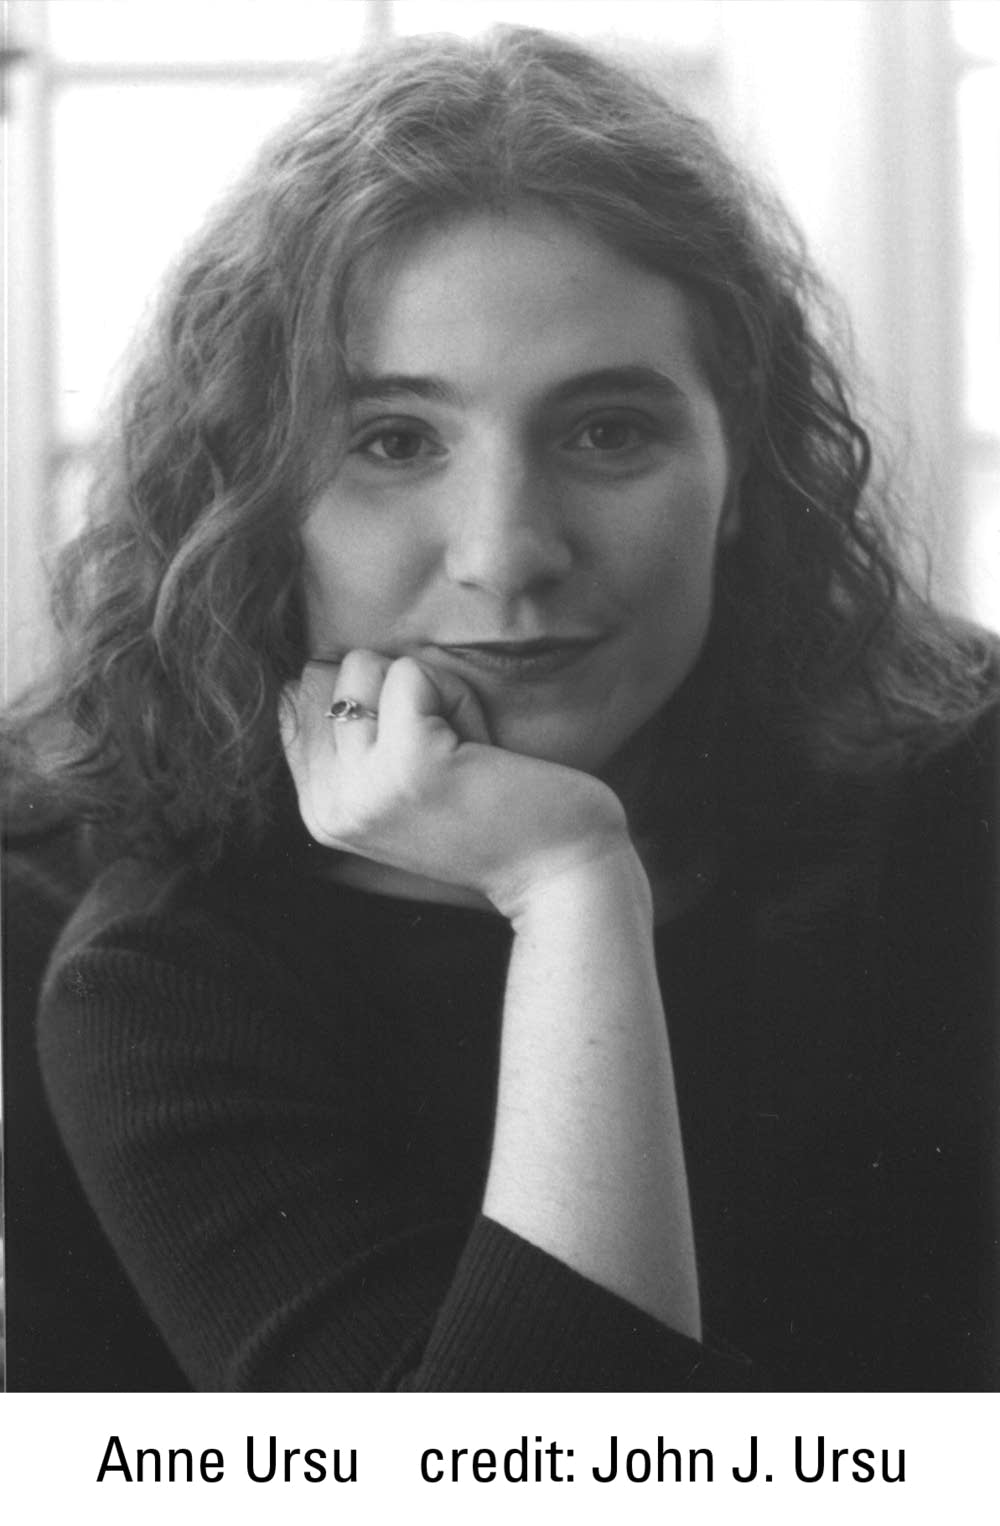 Anne Ursu
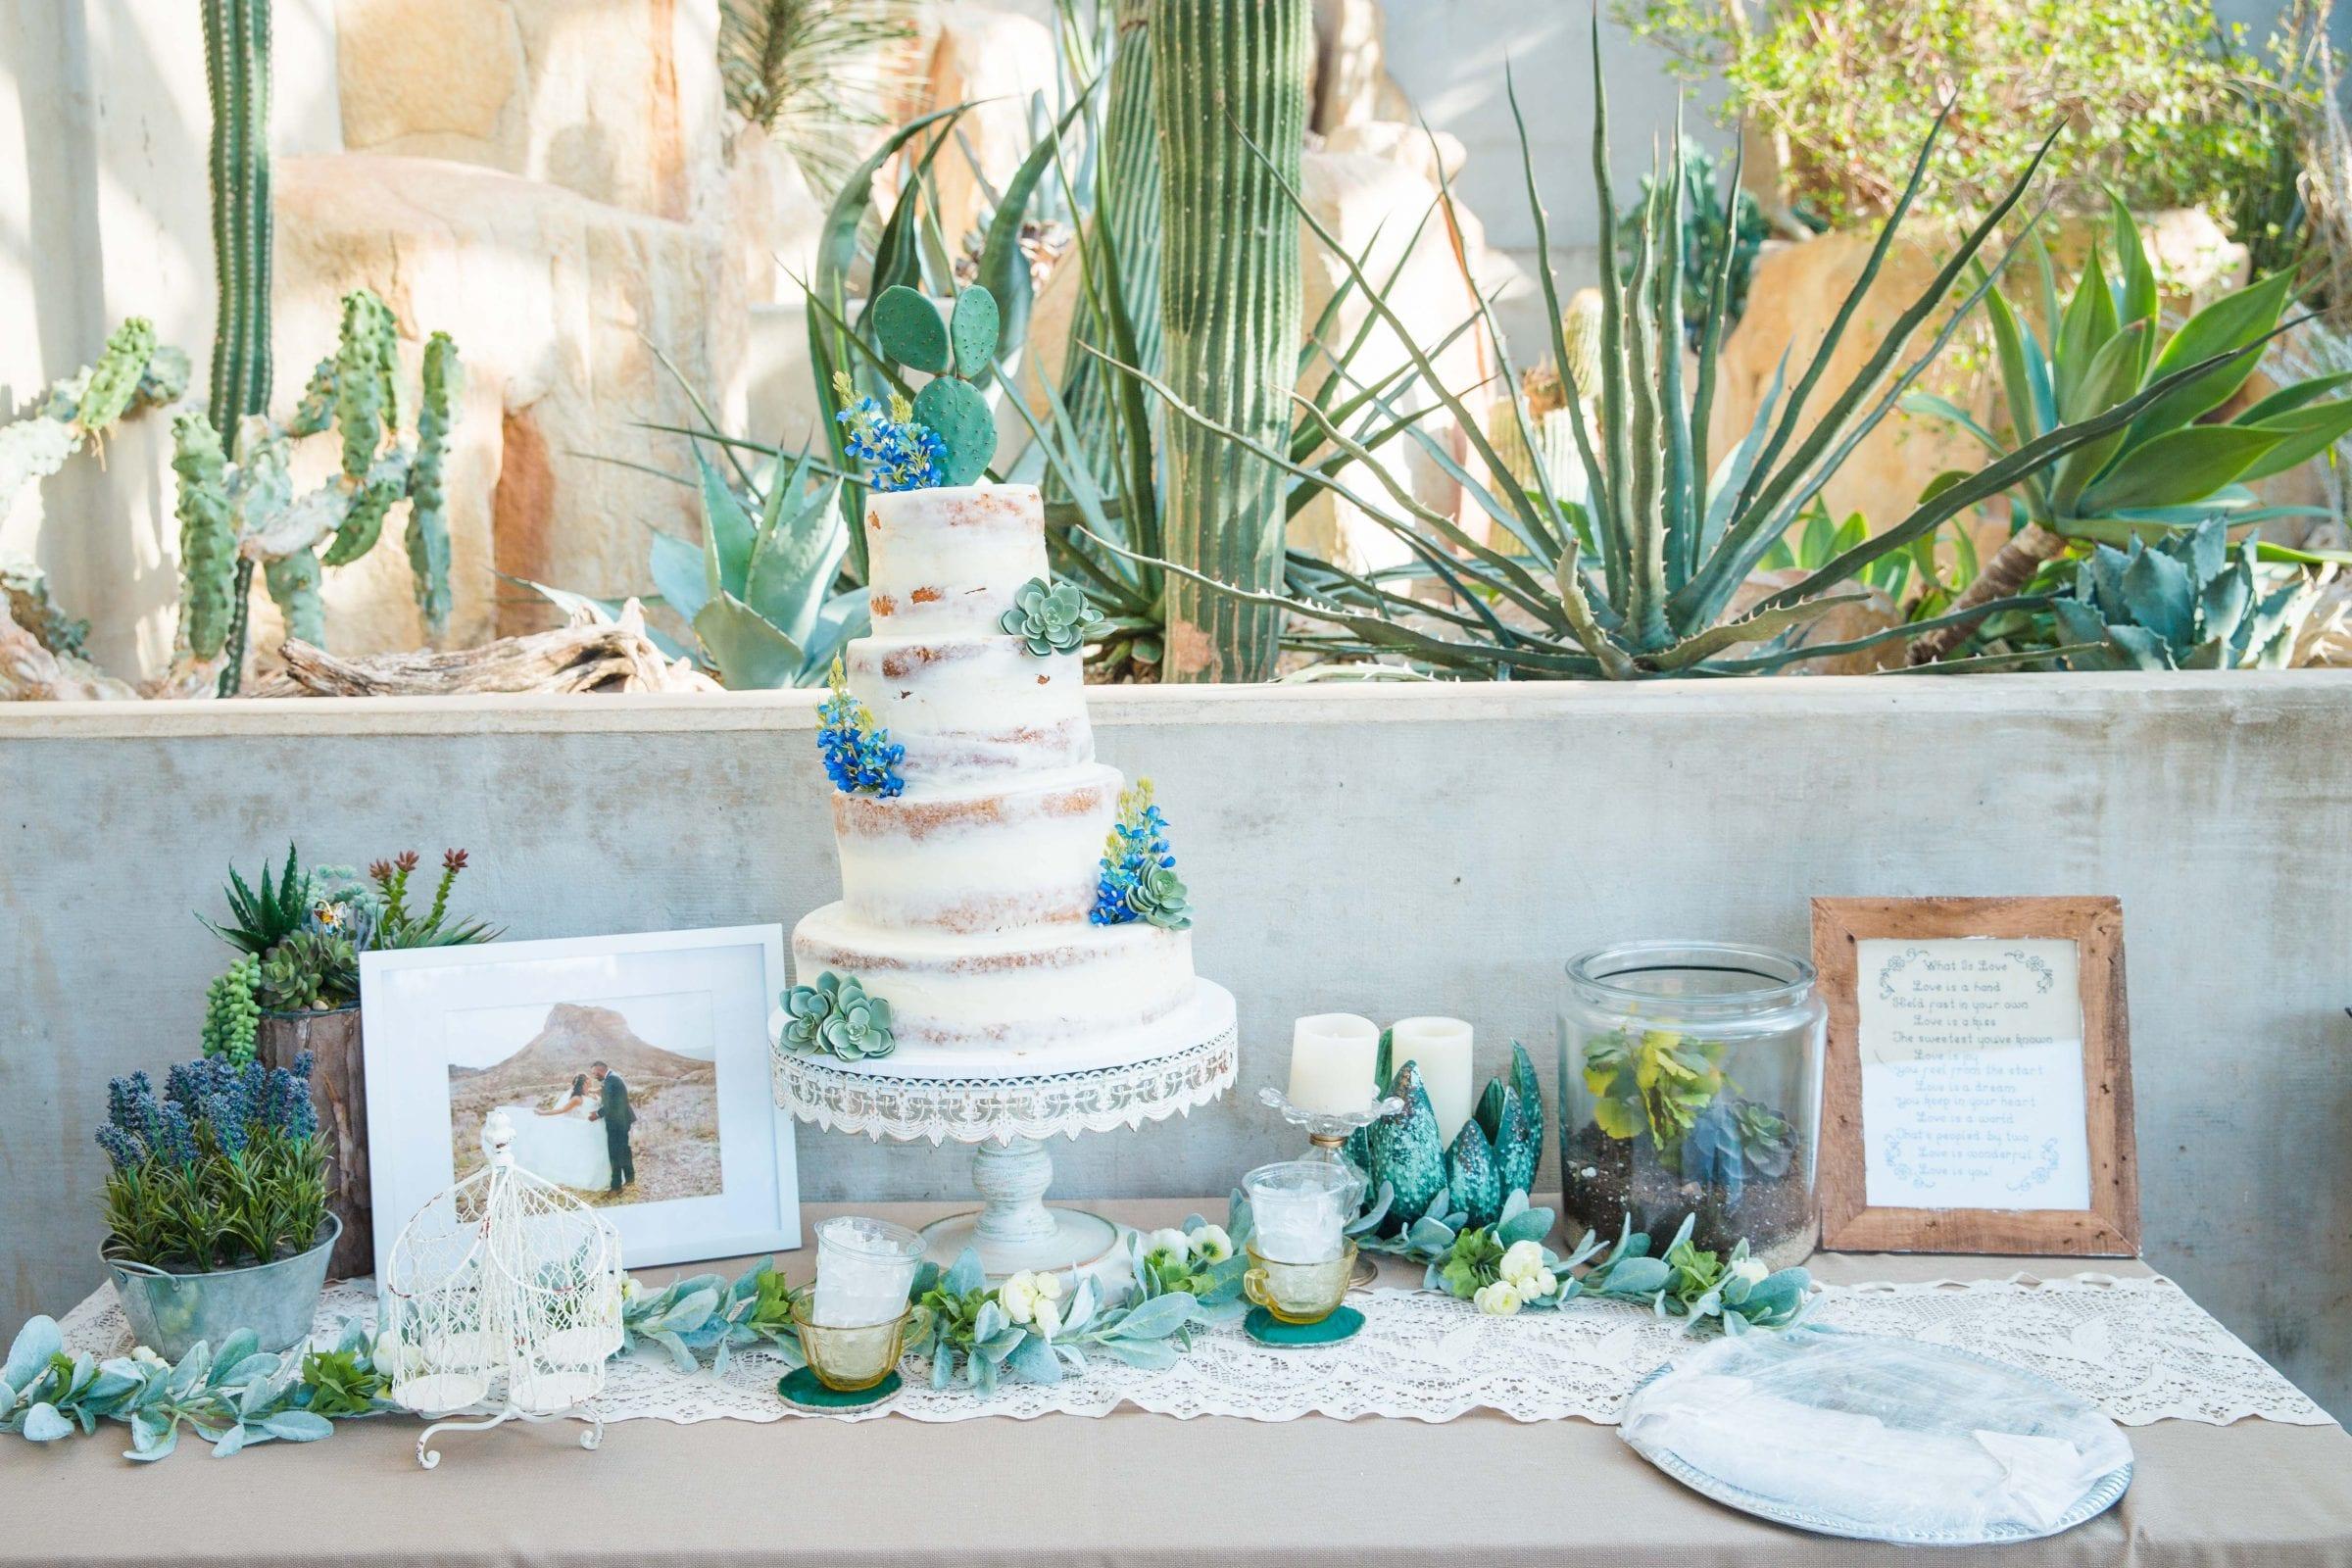 Courtney Amaya wedding San Antonio Botanical Garden cake table
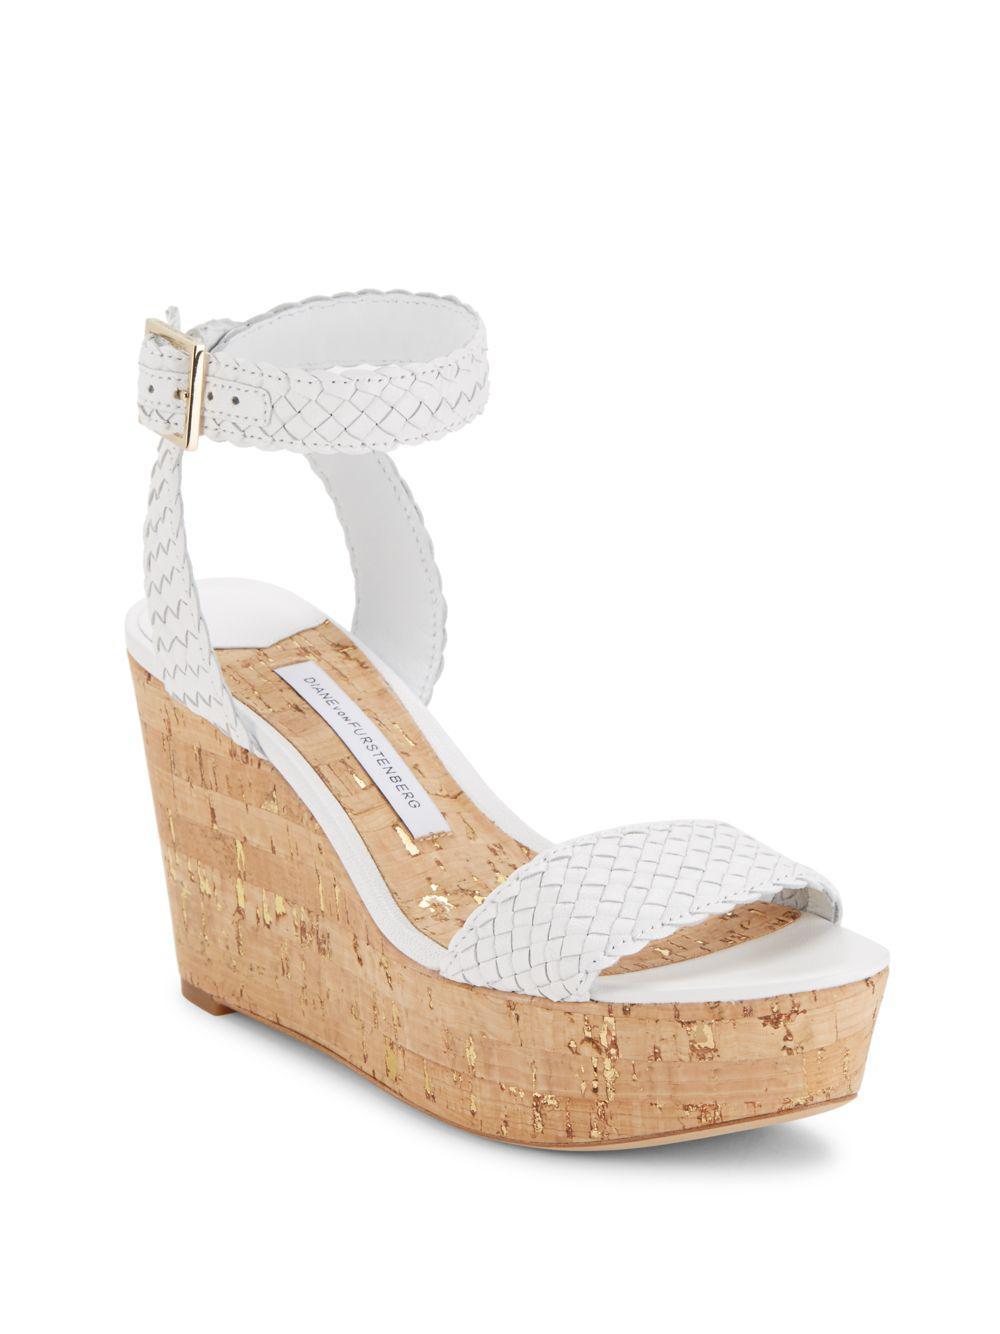 8fa08d89aa7 Lyst - Diane von Furstenberg Montclair Leather Ankle Strap Wedges in ...

★ ★ ★ ★ ★ ★ ★

- **What the task asks**: Since the pictures are not wanted, repeat only the rest of the material, exactly as given.

- **Task output**:
 Anne Ursu
 Courtney Amaya wedding San Antonio Botanical Garden cake table
 8fa08d89aa7 Lyst - Diane von Furstenberg Montclair Leather Ankle Strap Wedges in ...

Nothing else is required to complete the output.